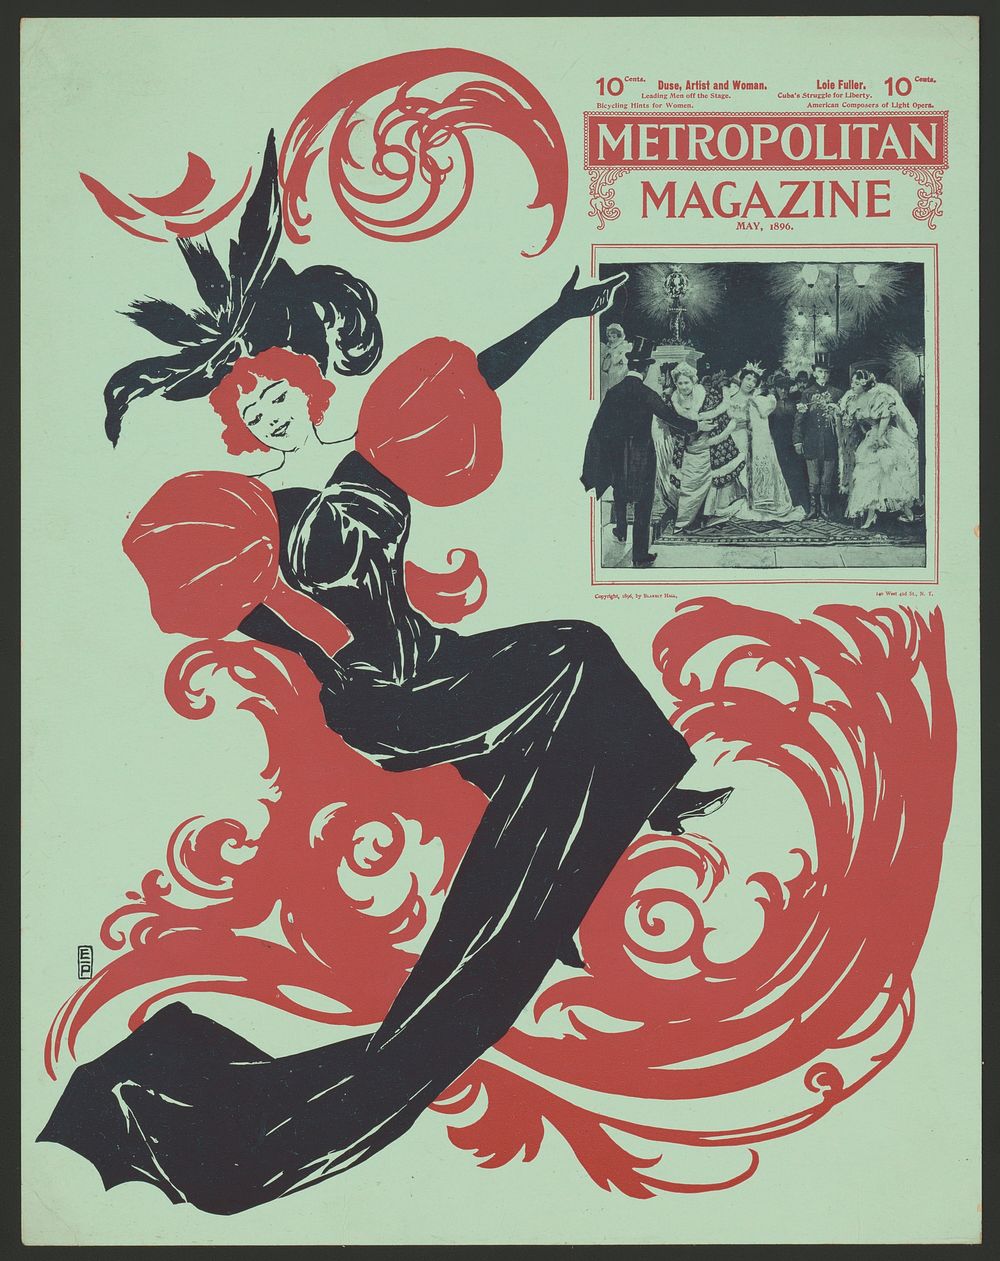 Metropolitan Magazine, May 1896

--

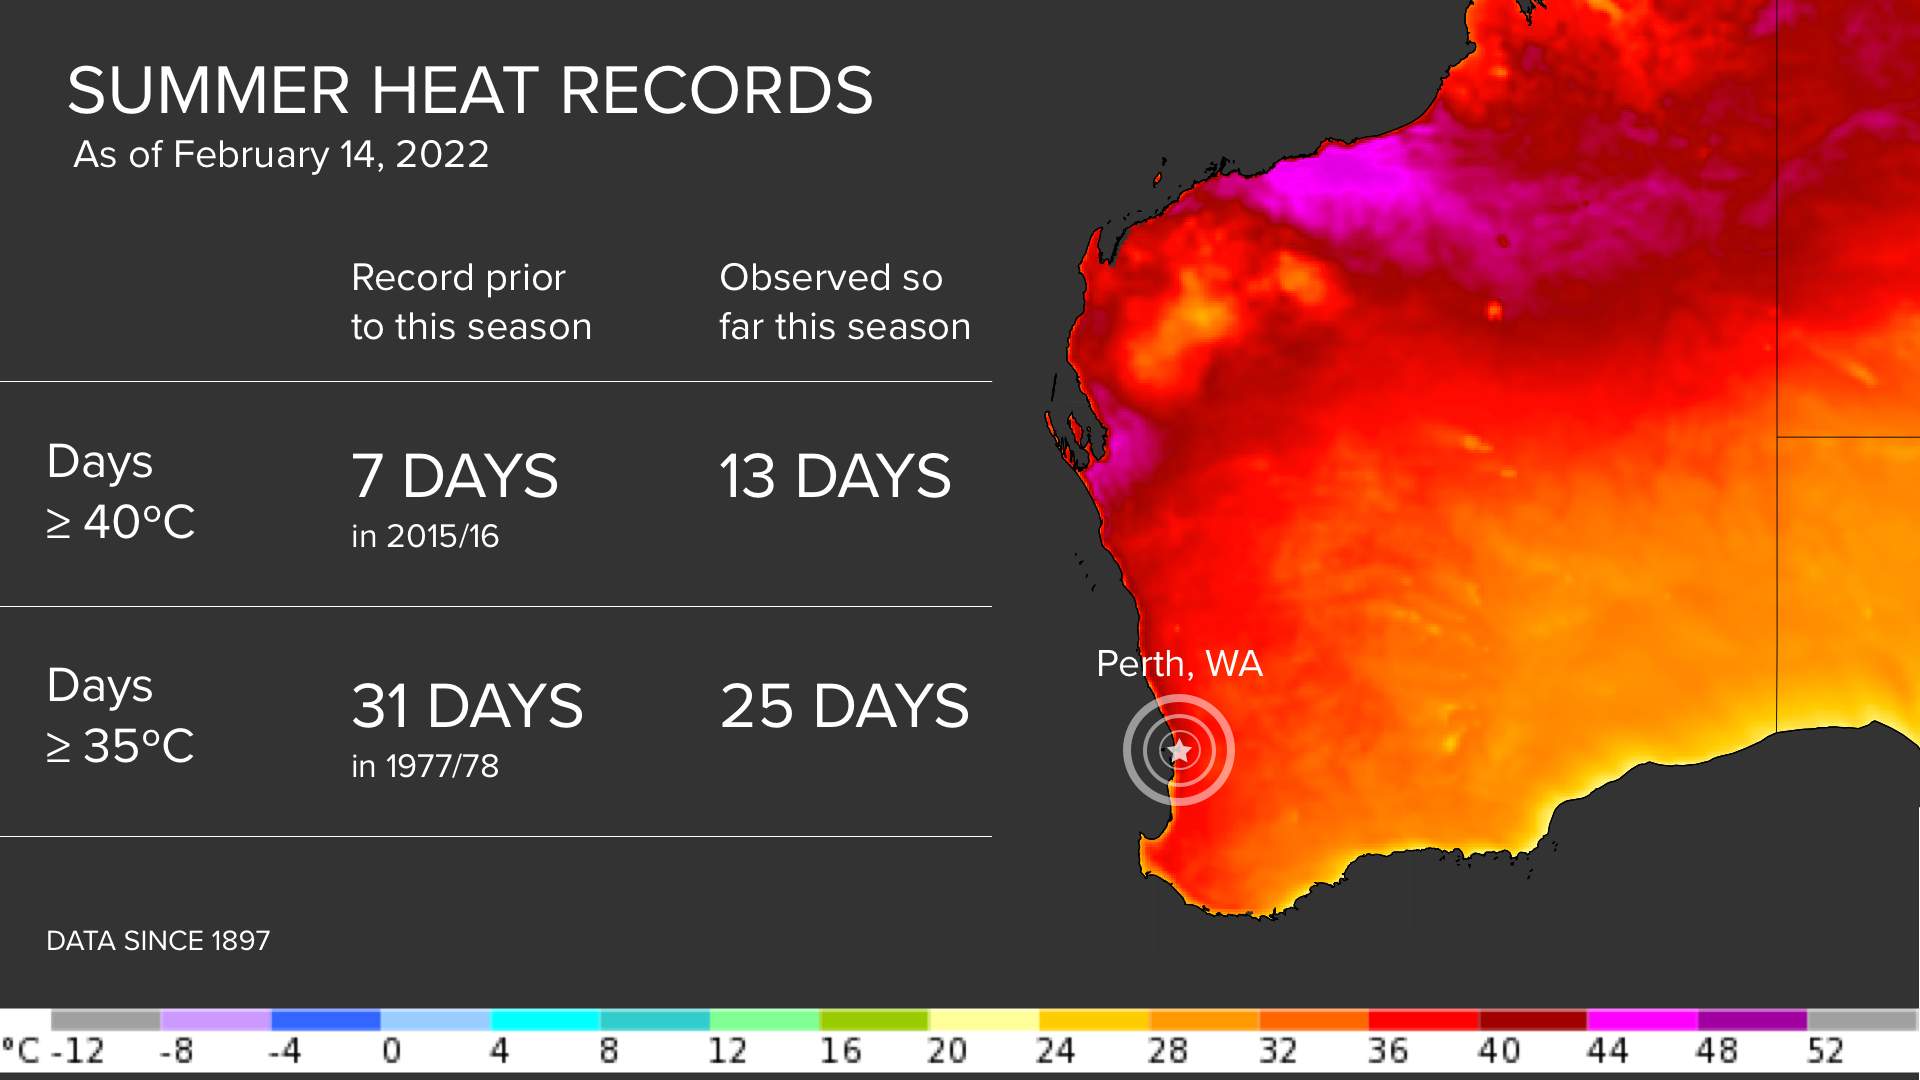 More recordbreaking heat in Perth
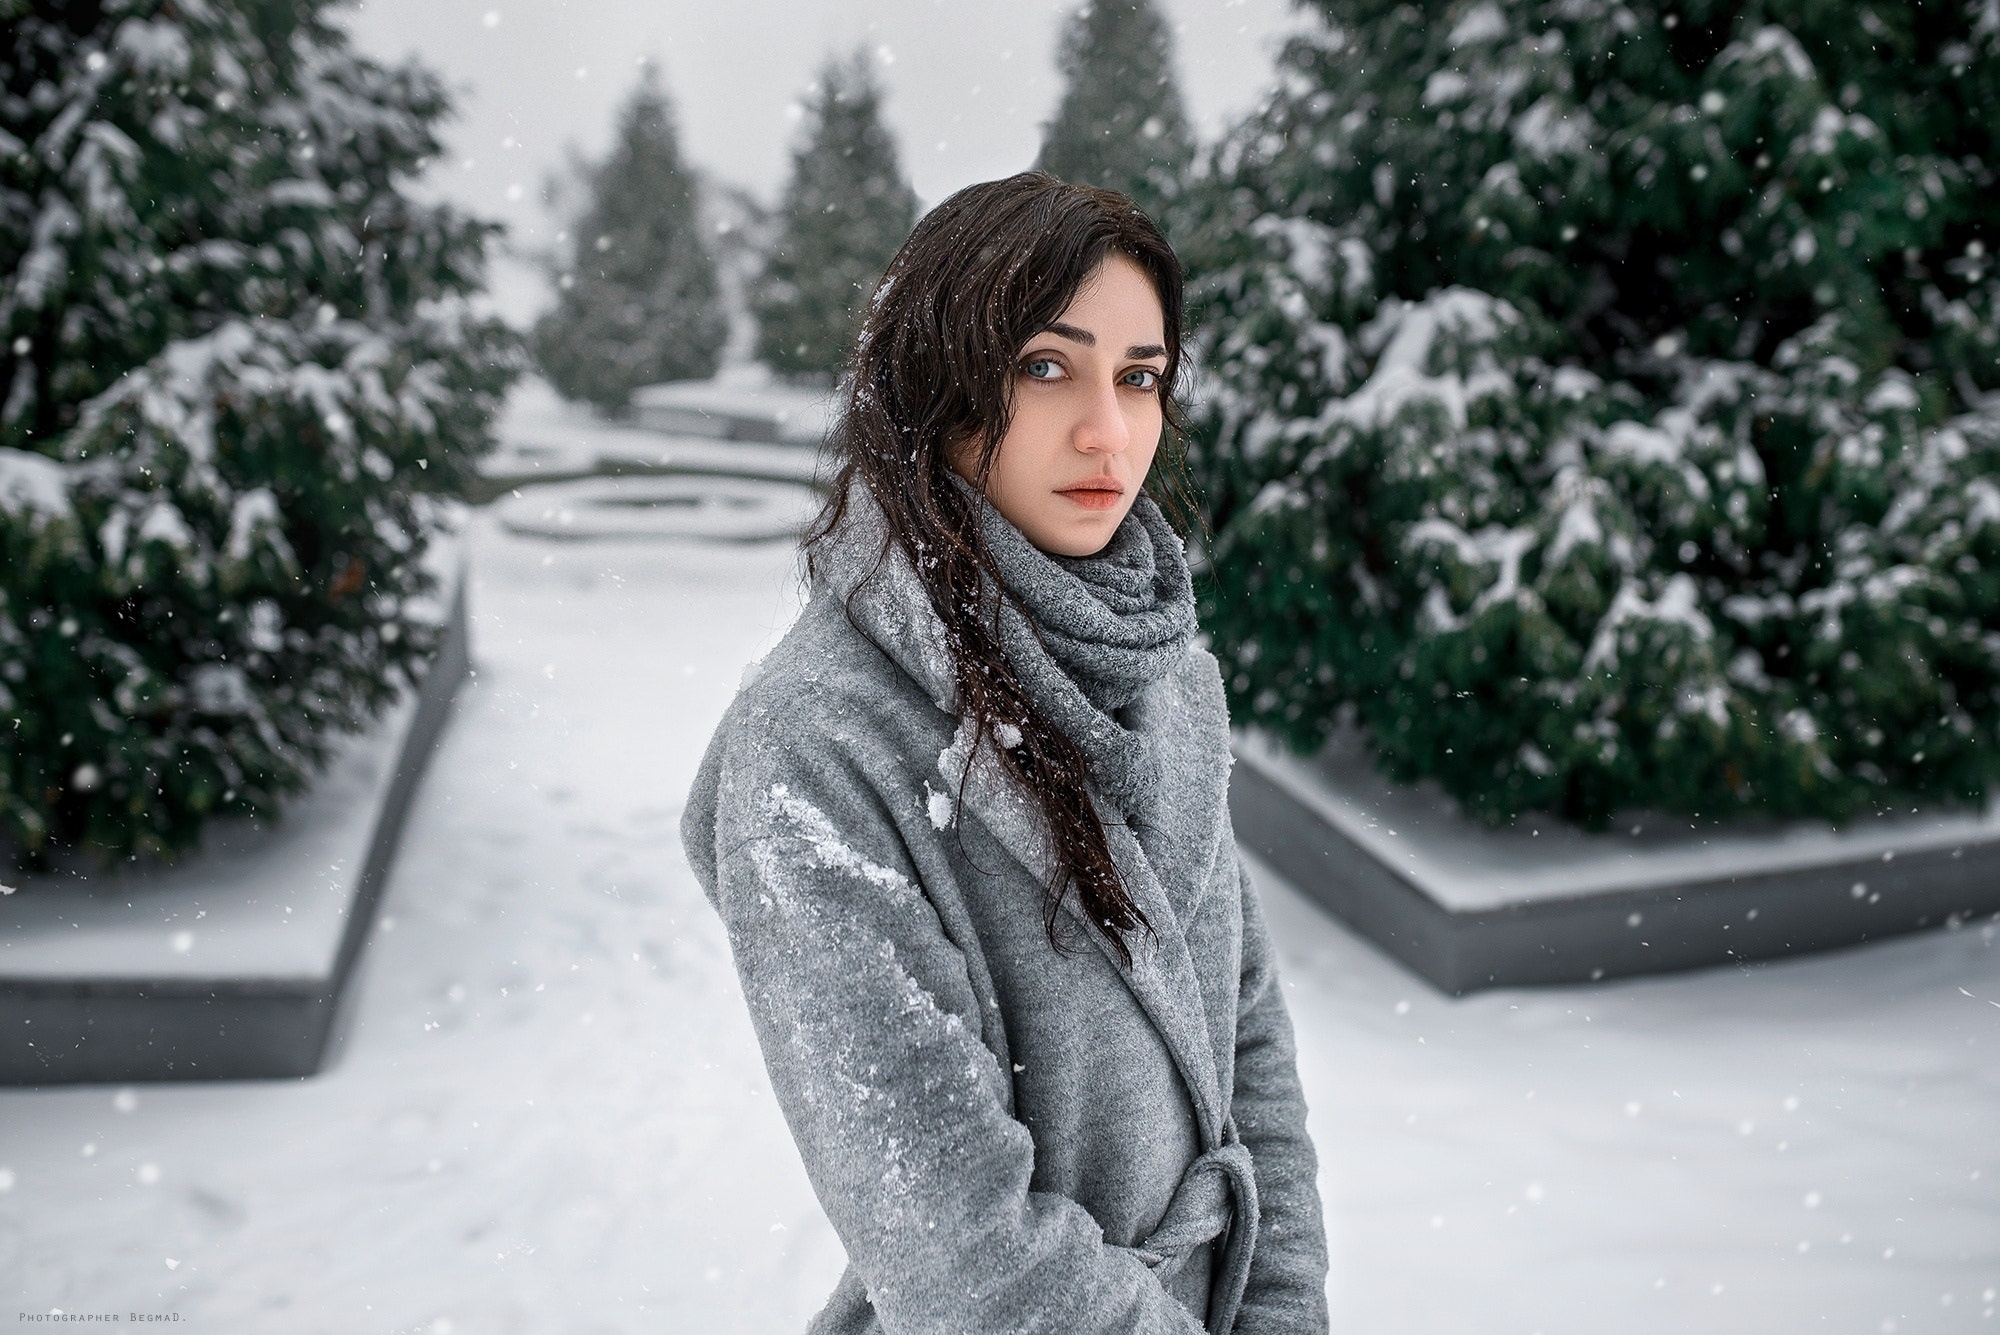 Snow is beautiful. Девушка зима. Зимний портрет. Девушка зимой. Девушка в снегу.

...

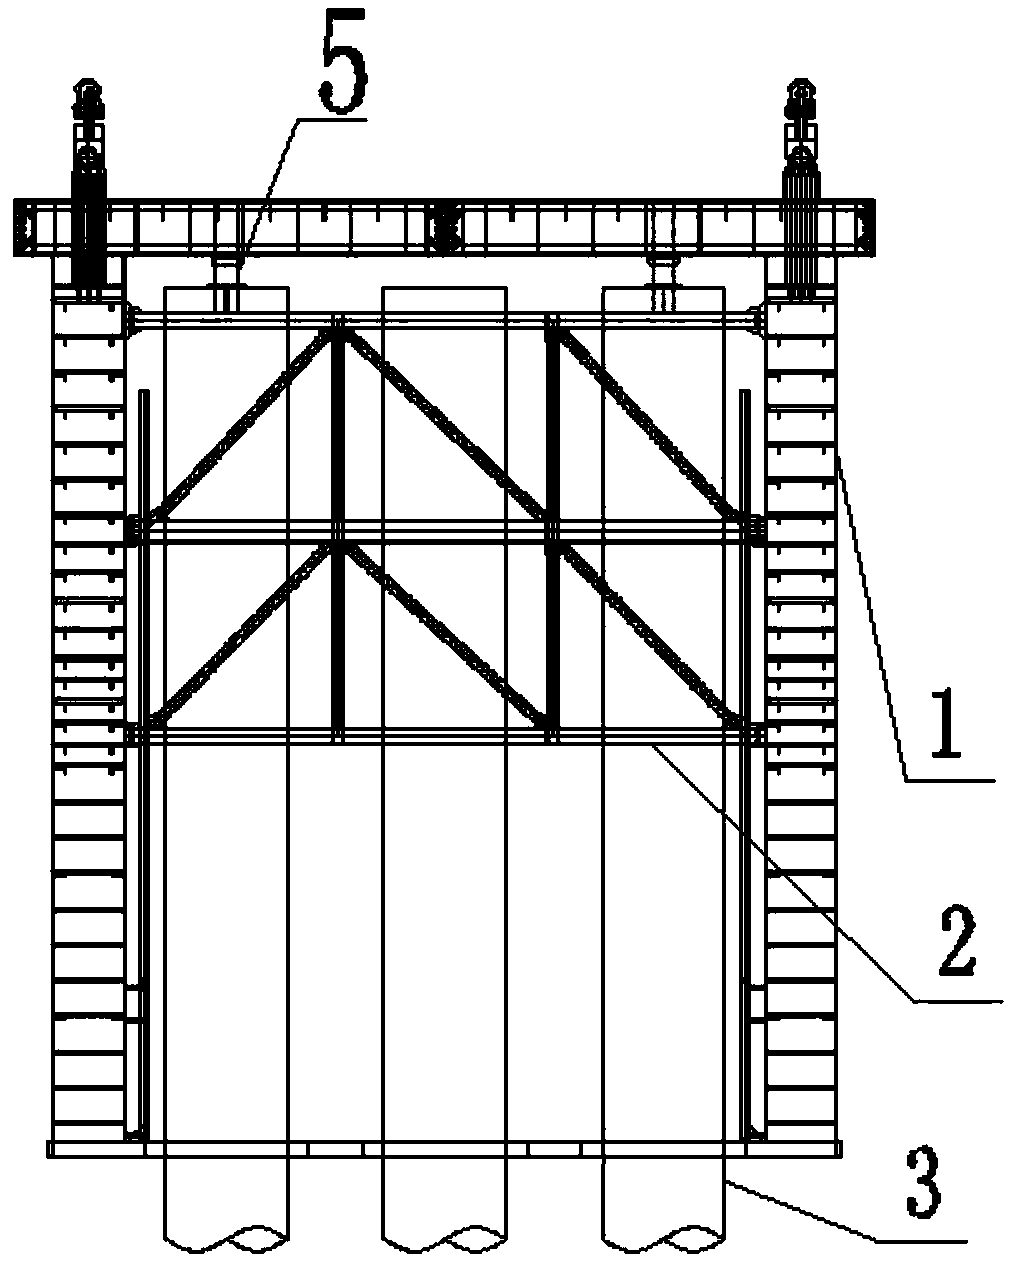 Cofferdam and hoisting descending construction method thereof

- _Goal of the exercise_
From the records above, copy exactly the stretch from the line holding "More recordbreaking heat in Perth" through the line holding "Snow is beautiful.", both ends included, without the pictures.

- _Problem solution_
 More recordbreaking heat in Perth
 Snow is beautiful. Девушка зима. Зимний портрет. Девушка зимой. Девушка в снегу.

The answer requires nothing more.